▸ The task
In the copy, include exactly the lines from the one with "MechroMancy Terrain Material" through the end of the data and no others, both ends kept, with every picture left out.

▸ Data
◇ ◇ ◇ ◇

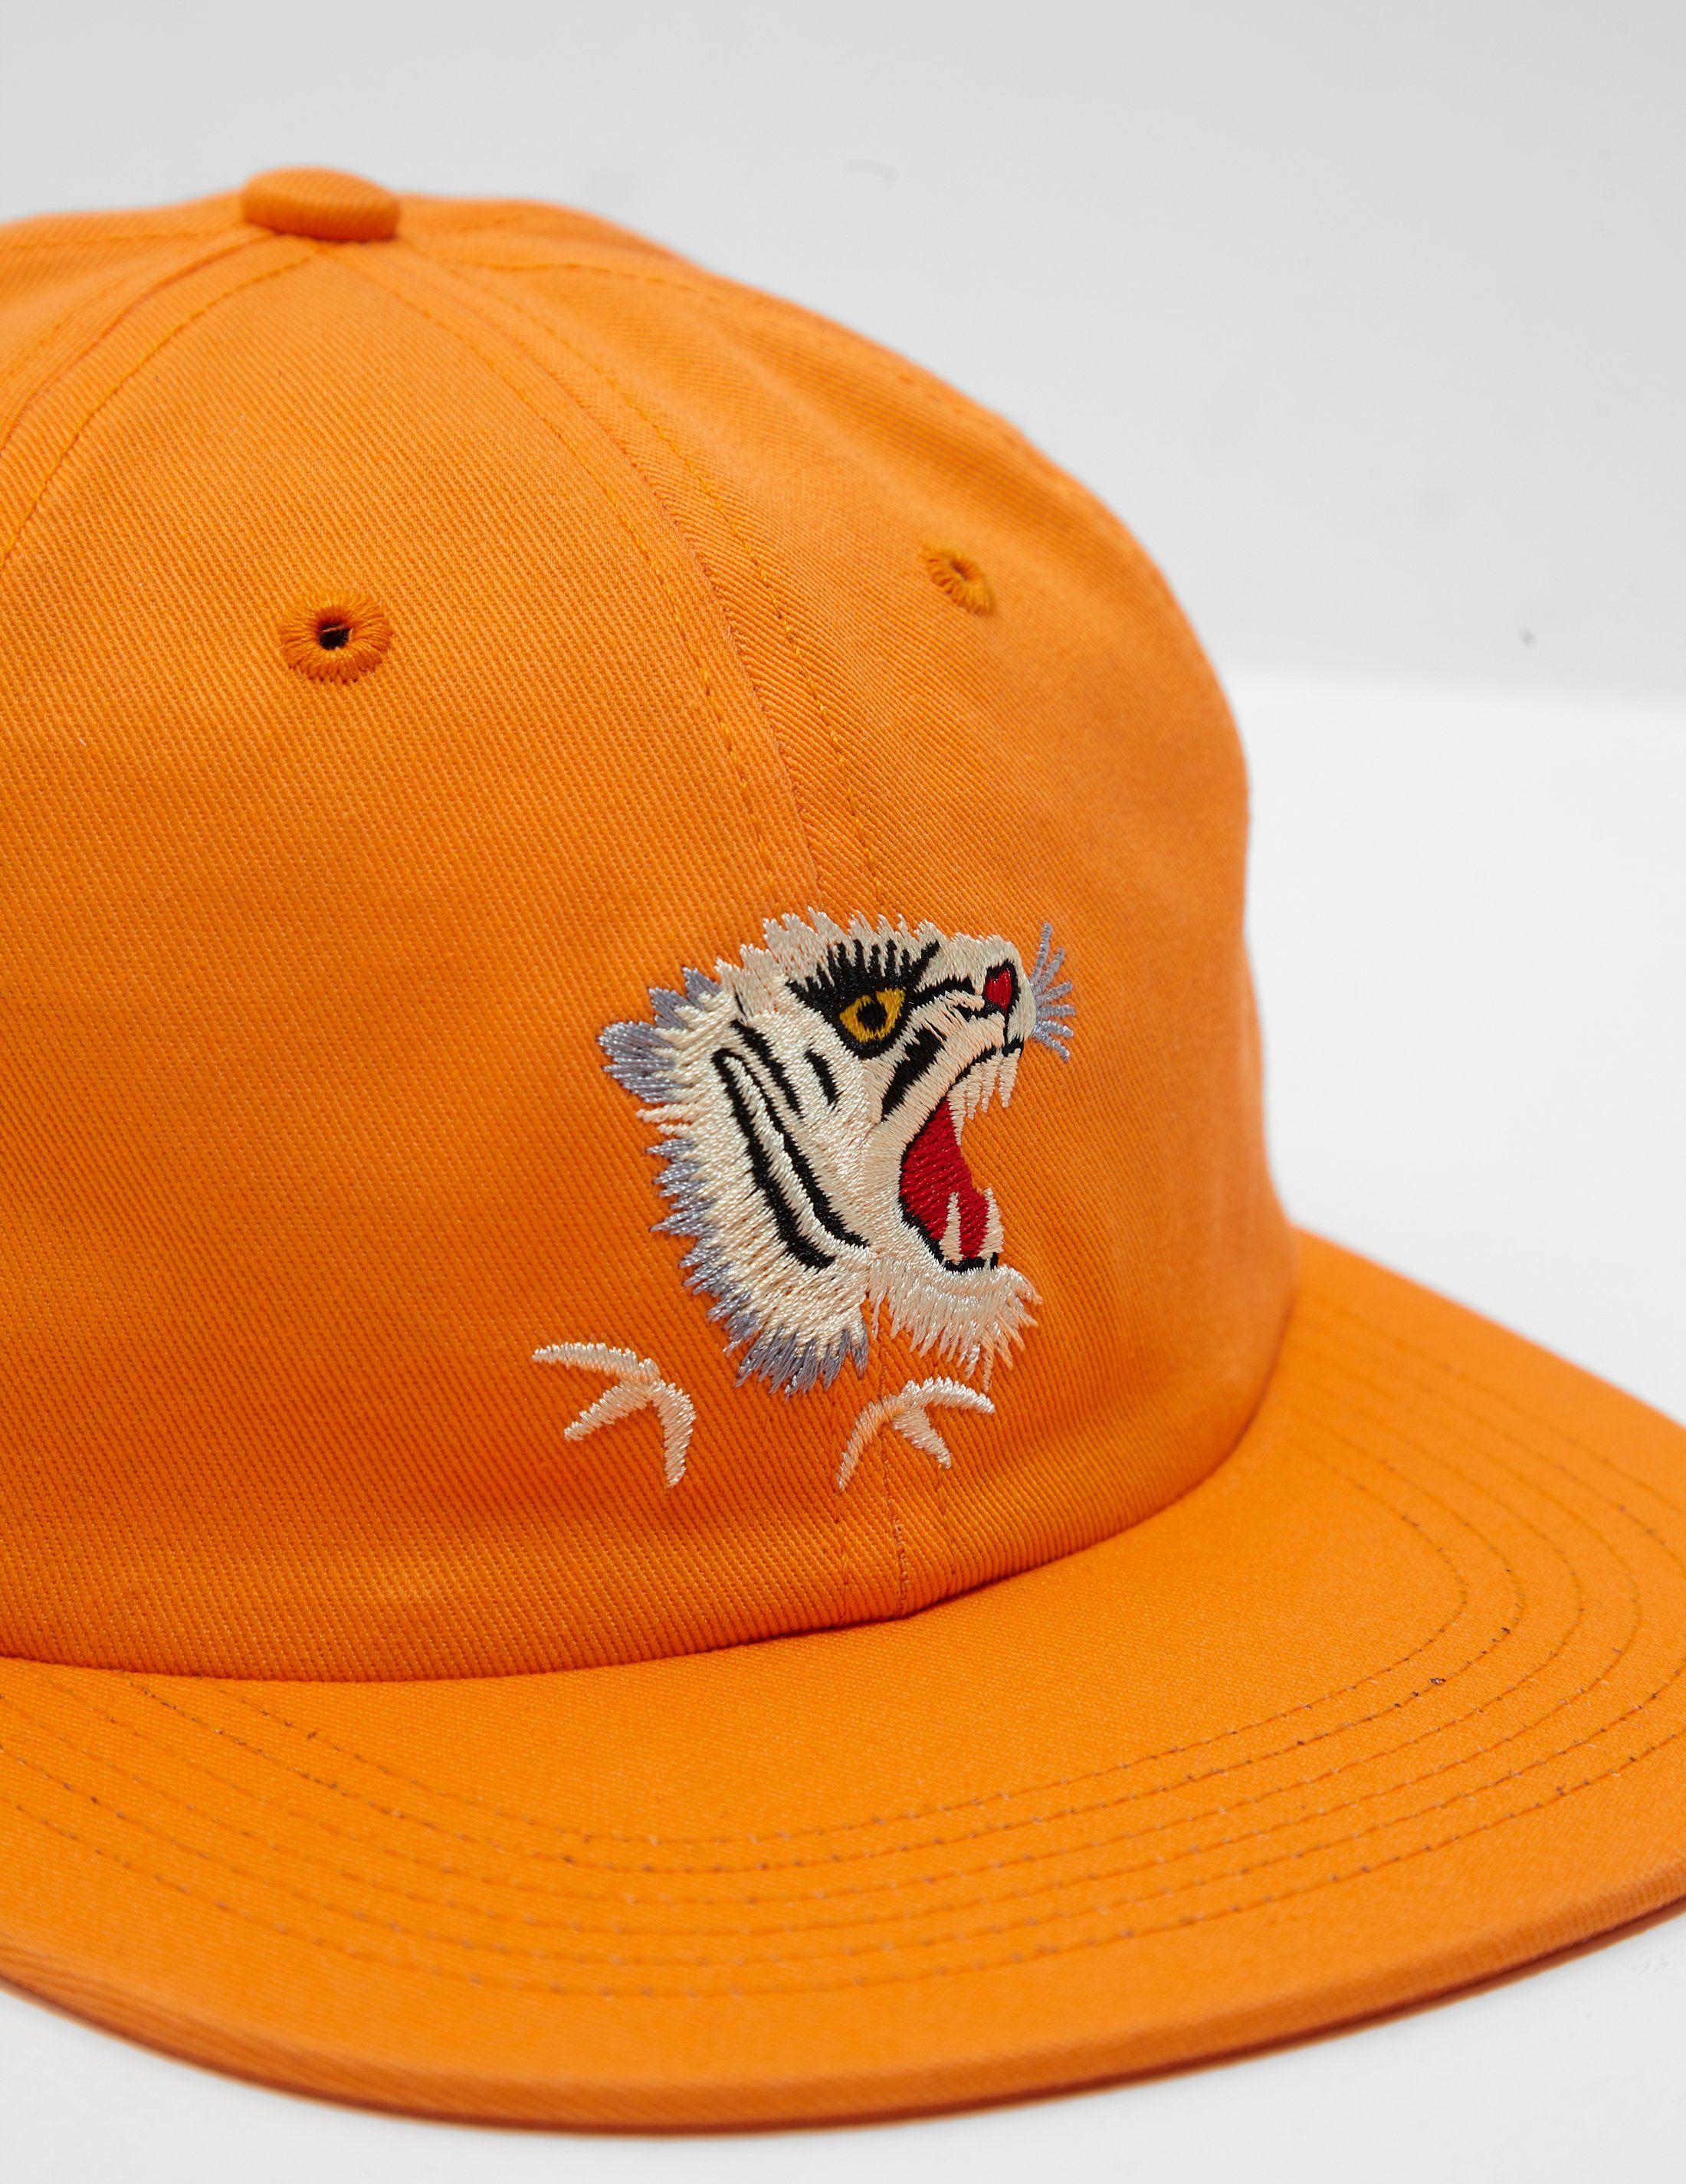 Maharishi Tiger Cap - Online Exclusive
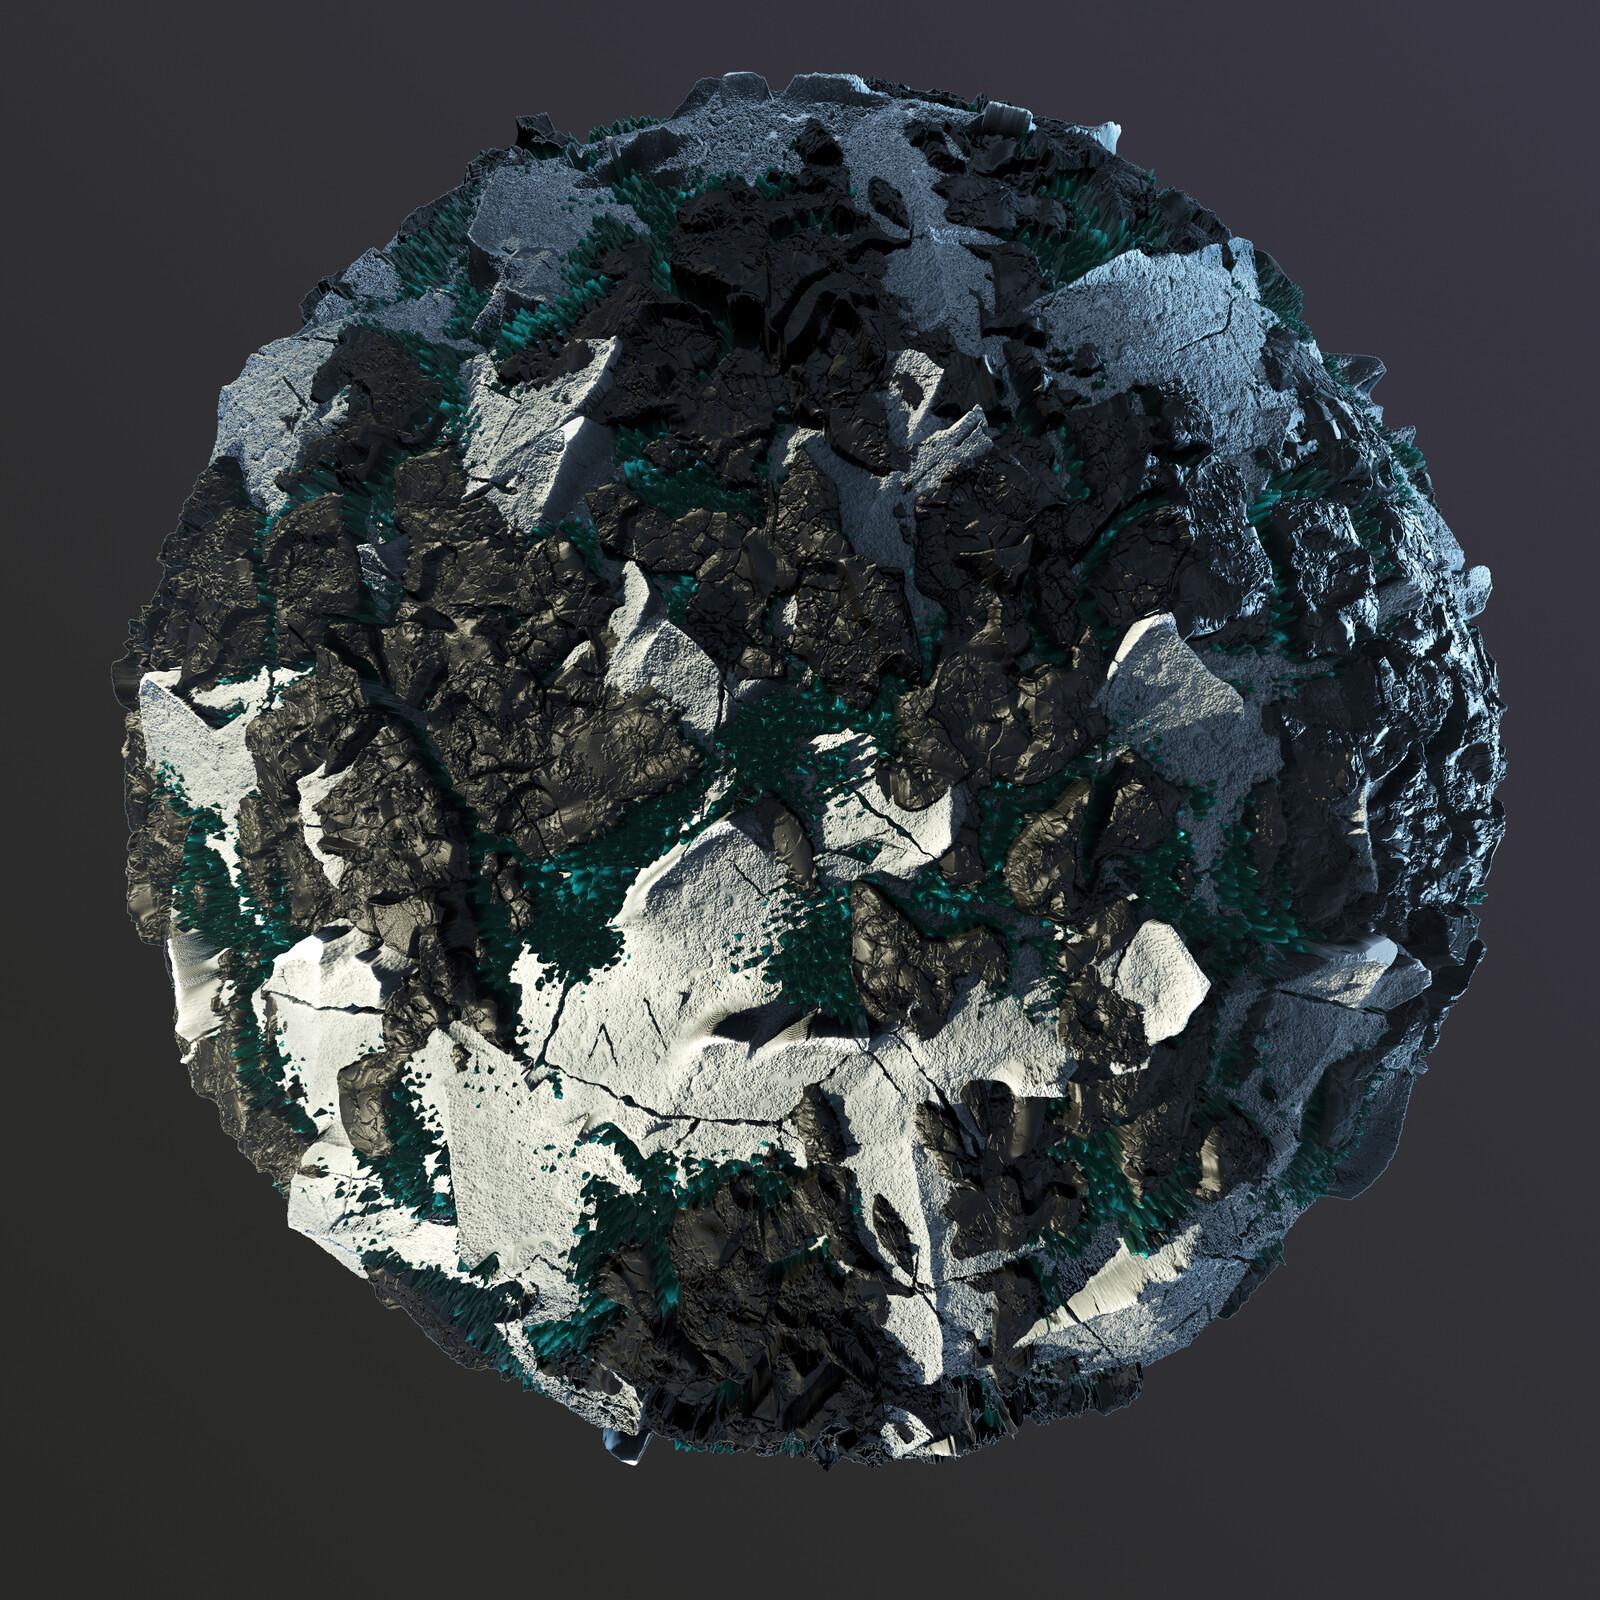 MechroMancy Terrain Material
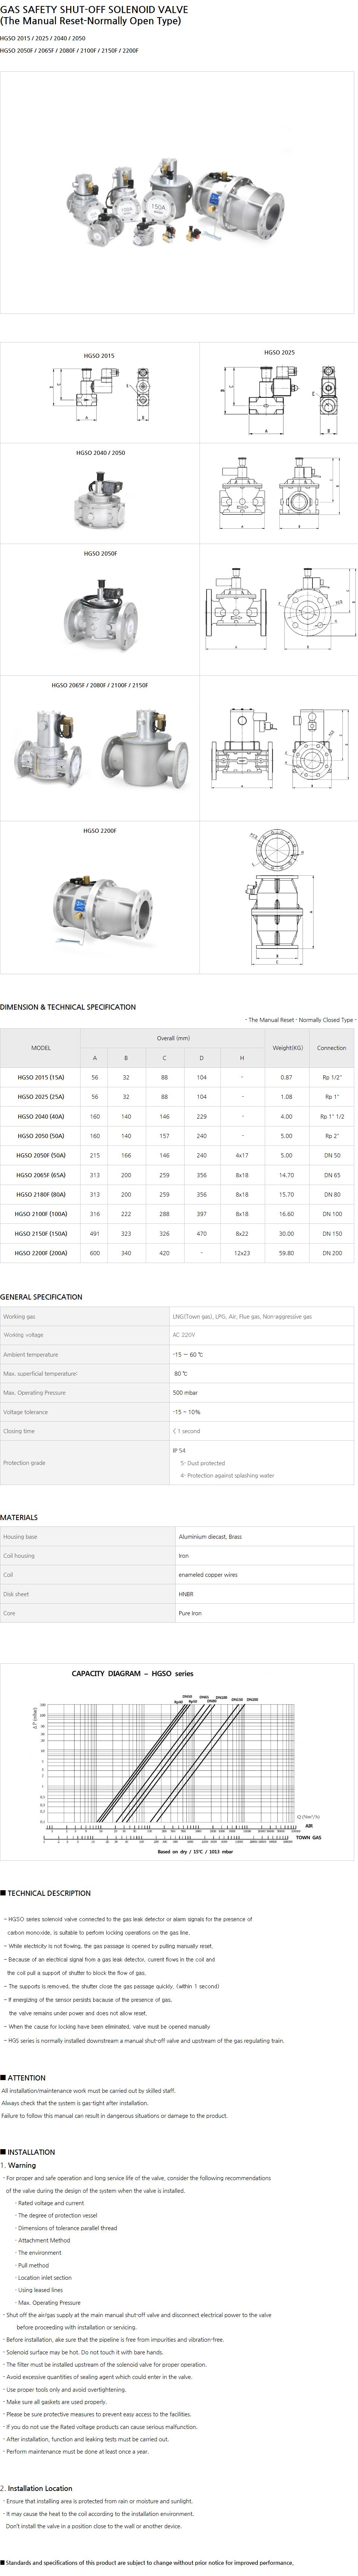 HYOSHIN MECHATRONICS Gas Safety Shut-off Solenoid Valve (Manual Reset)

◇ ◇ ◇ ◇

▸ Expected answer
 MechroMancy Terrain Material
 HYOSHIN MECHATRONICS Gas Safety Shut-off Solenoid Valve (Manual Reset)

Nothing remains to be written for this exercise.